**INPUT RECORDS**
^^^^^^^^

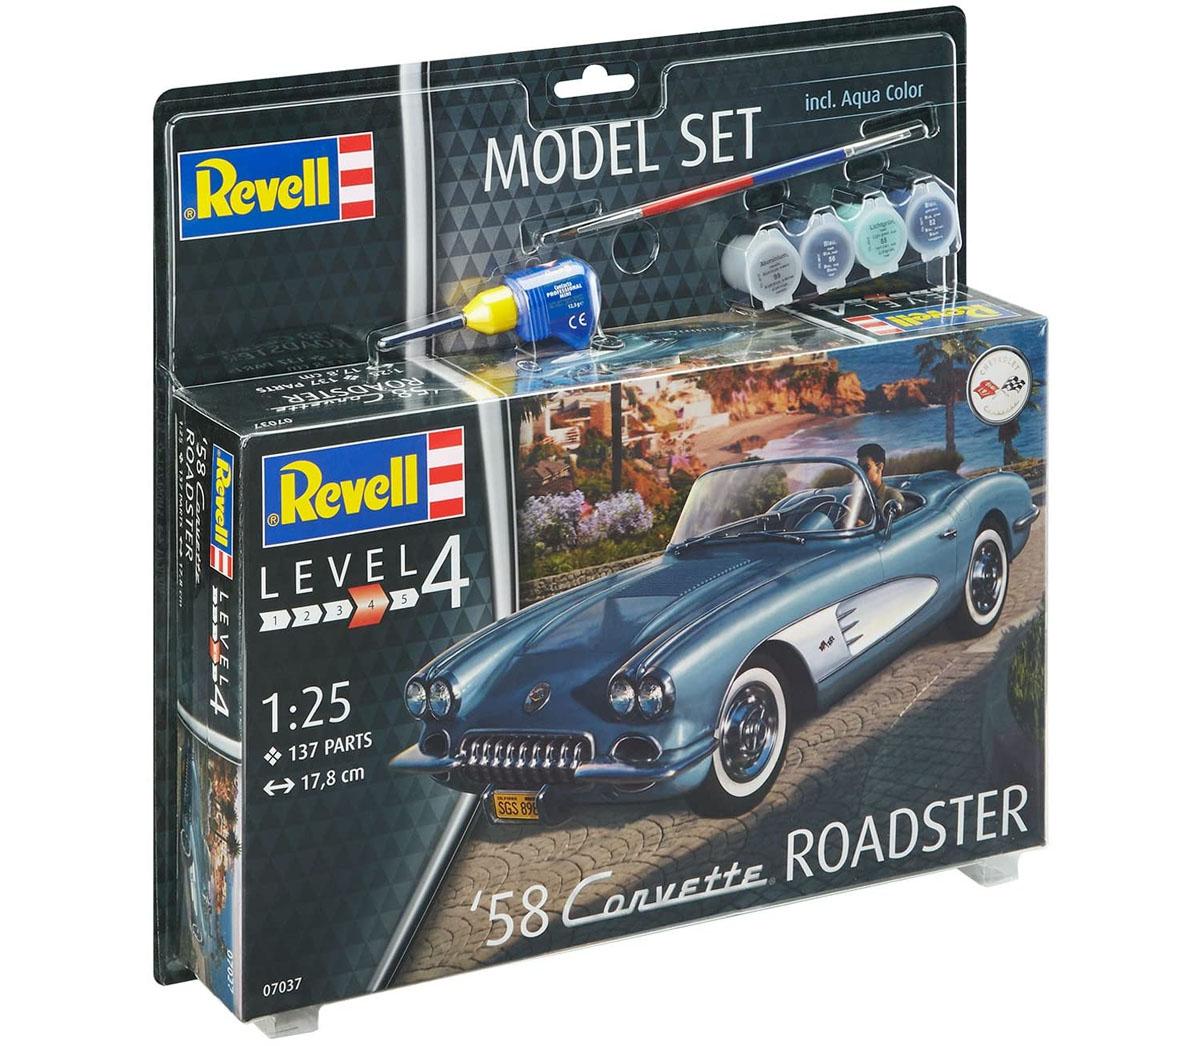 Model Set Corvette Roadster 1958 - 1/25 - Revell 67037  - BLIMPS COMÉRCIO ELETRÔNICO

^^^^^^^^

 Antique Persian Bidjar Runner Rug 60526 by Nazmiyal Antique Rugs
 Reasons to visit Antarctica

^^^^^^^^

The expected answer is an exact copy of the lines above, beginning at the line with "Antique Persian Bidjar" and ending at the line with "Reasons to visit Antarctica", with both ends in.

 Antique Persian Bidjar Runner Rug 60526 by Nazmiyal Antique Rugs
 Reasons to visit Antarctica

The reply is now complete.